By: Jeffrey D. Brauer


“How much should a golf course cost?”

Tom,

We hear some new courses dwarf the budgets of small federal agencies, medium-sized states, or the GNP of Third World countries, costing over $40 million! Even more incredibly, some are built for under $2 million! I am convinced of two things after designing 44 golf courses:

The answer is, “It costs what it costs.” Regional differences affect labor costs and irrigation requirements. Site quality affects earthmoving and drainage. Owners make decisions that dictate cost and quality. Your course is likely to cost what others in the area of similar quality cost.

It costs more than you want! The National Golf Foundation, American Society of Golf Course Architects, and the Golf Course Builders of America develop generic cost estimates, but these always seem low. Moreover, the construction cost of the golf course is at most half (and perhaps only a third, if you include land costs, permitting time and fees) of total cost, with clubhouse and other facilities, grow-in, equipment, pre-opening, etc., taking the rest of your money.

Every dollar spent on infrastructure - irrigation, drainage, sod, and cart paths – is a dollar saved in operations. Looking at both initial and long-term costs changes the perspective.

Whenever we have reduced infrastructure initially, clients add them later when it is more expensive and harder to do right. Cart paths are a particular problem, as owners often place them where we wouldn’t, like in the middle of the fairway, obviously favoring convenience over aesthetics.

Spending $400,000 for maintenance-related items amortizes to about $35,000 annual debt – about $1 per round. Without proper infrastructure, the superintendent will spend similar amounts forever adding to or fixing substandard areas, so long-term costs are equal. First impressions are so crucial that being fully mature upon opening is essential. Your parents told you, “If it’s worth doing, it’s worth doing right the first time.” As it turns out, that applies to golf courses.

Recently, my new courses have cost between $1.6 million to $11.3 million, with an average cost of $3.8 million, or about $200,000 per hole. These are mid-level projects bid out to professional contractors, making reasonable design compromises, and yet creating courses people like to play.

The owner of the $1.6-million course wished he had spent more. After trying to save money by doing it himself (his wife, kids and unsuspecting houseguests also pitched in), he would gladly hire a contractor to build the second course, and spend more generously. He learned these lessons the hard way.
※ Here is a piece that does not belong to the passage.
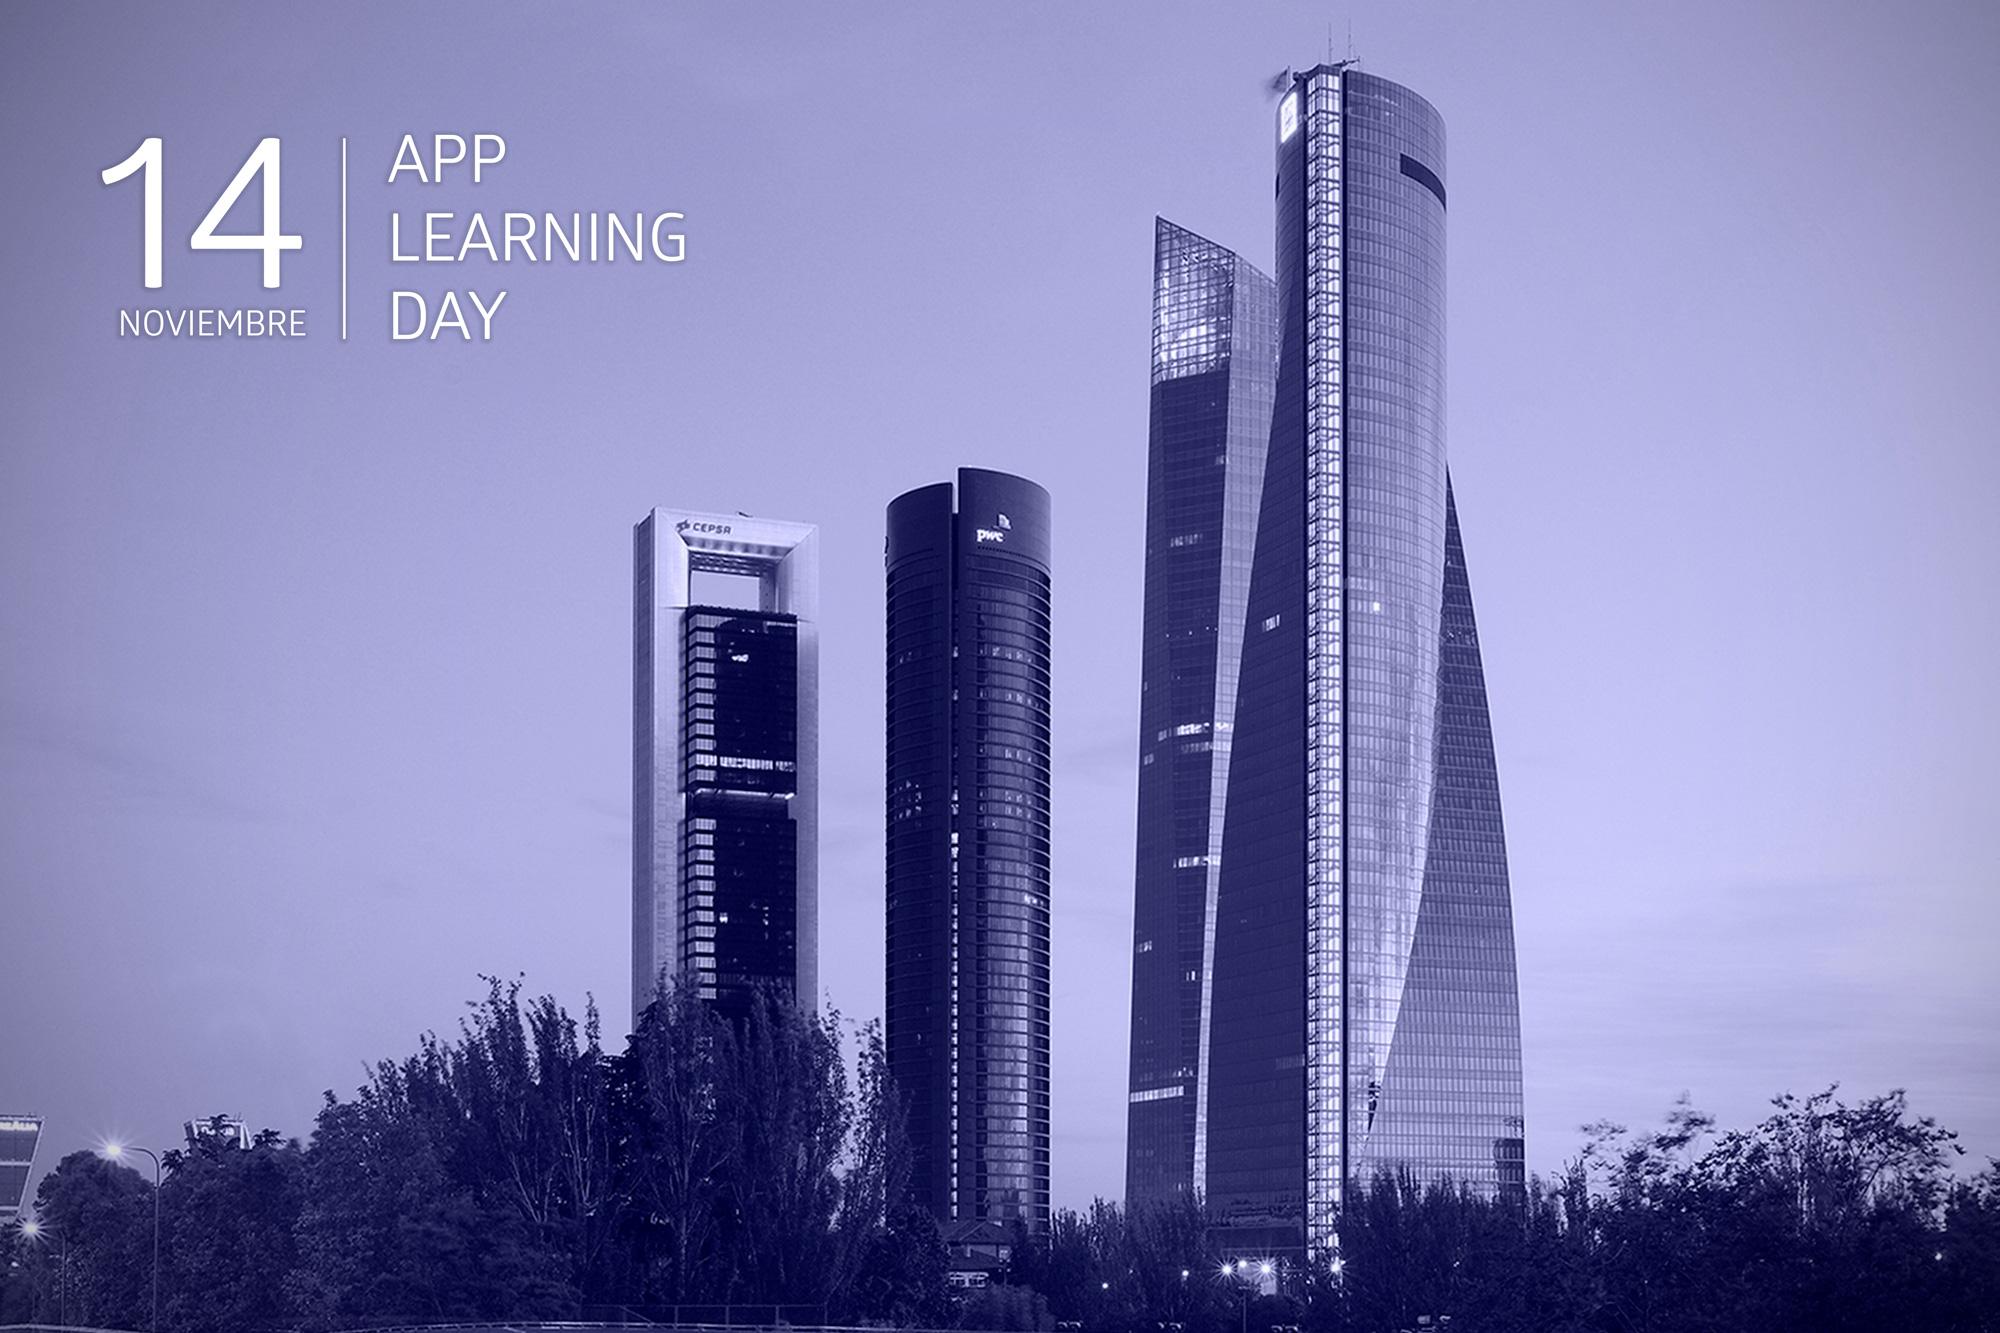 Torre-Espacio_talleres-Atlassian_DEISER-Enterprise-Days-2018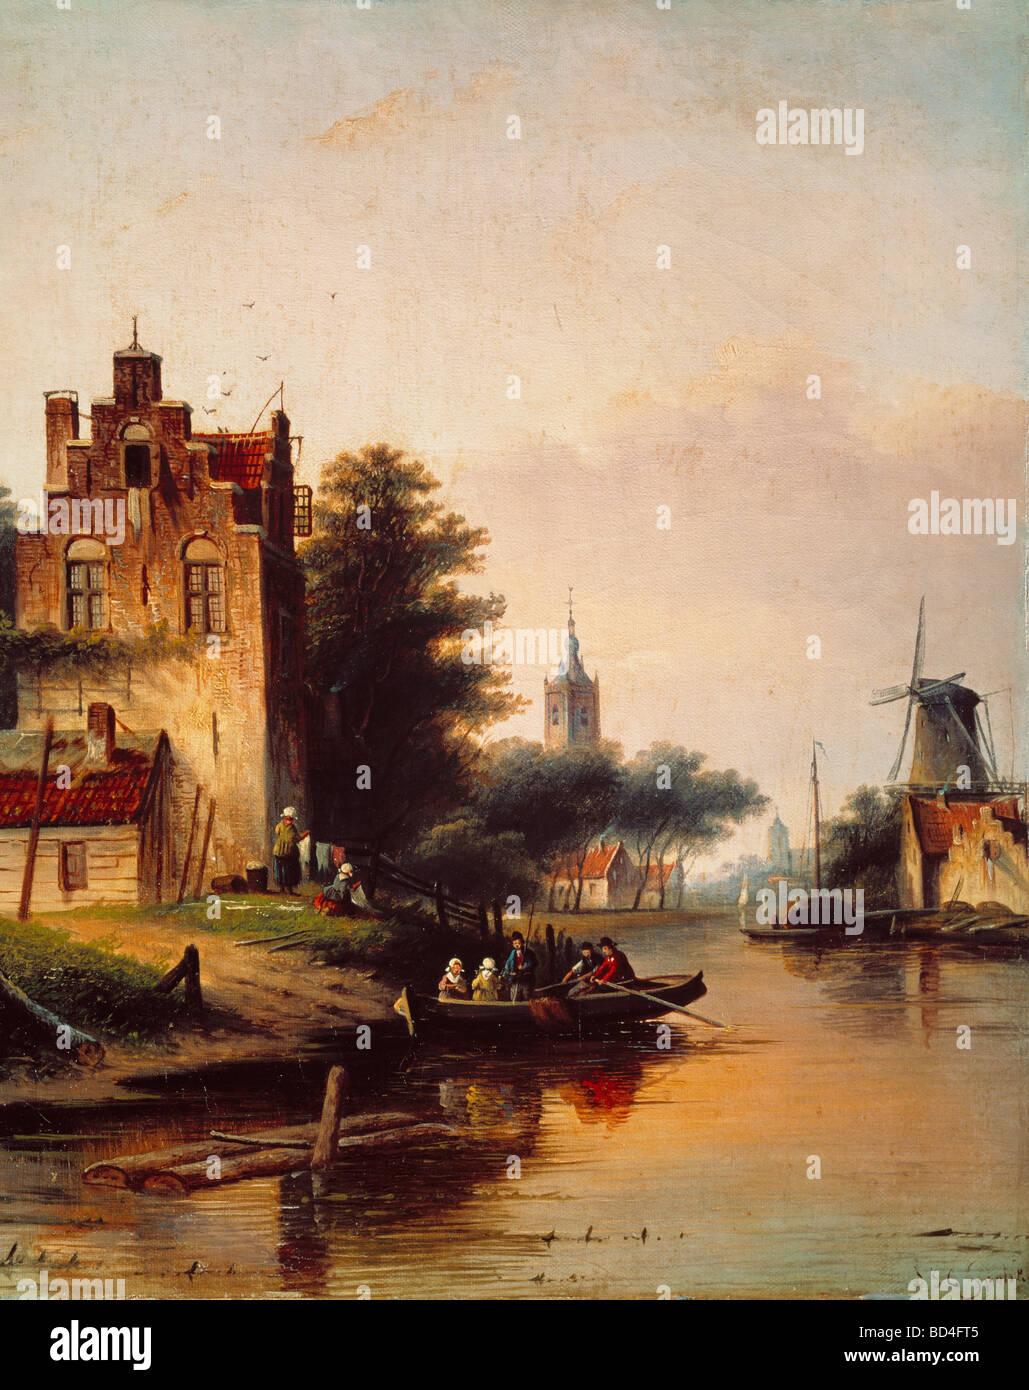 Bildende Kunst, Spohler, Jan Jacob (1811-1879), Malerei, Boot trip, Niederländisch, Schiff, Freizeit, romantisch, Stockbild

A quality contractor is worth the money.If you avoid the hard work now, in the future you’ll be paying for repairs to the faulty initial construction.

The $11-million course required rock excavation, and featured total sodding, retaining walls, waterfalls, and state-of-the-art environmental technology and irrigation. In business terms, courses costing this much probably don’t recoup costs, but those sums may be necessary to achieve the owner’s goals.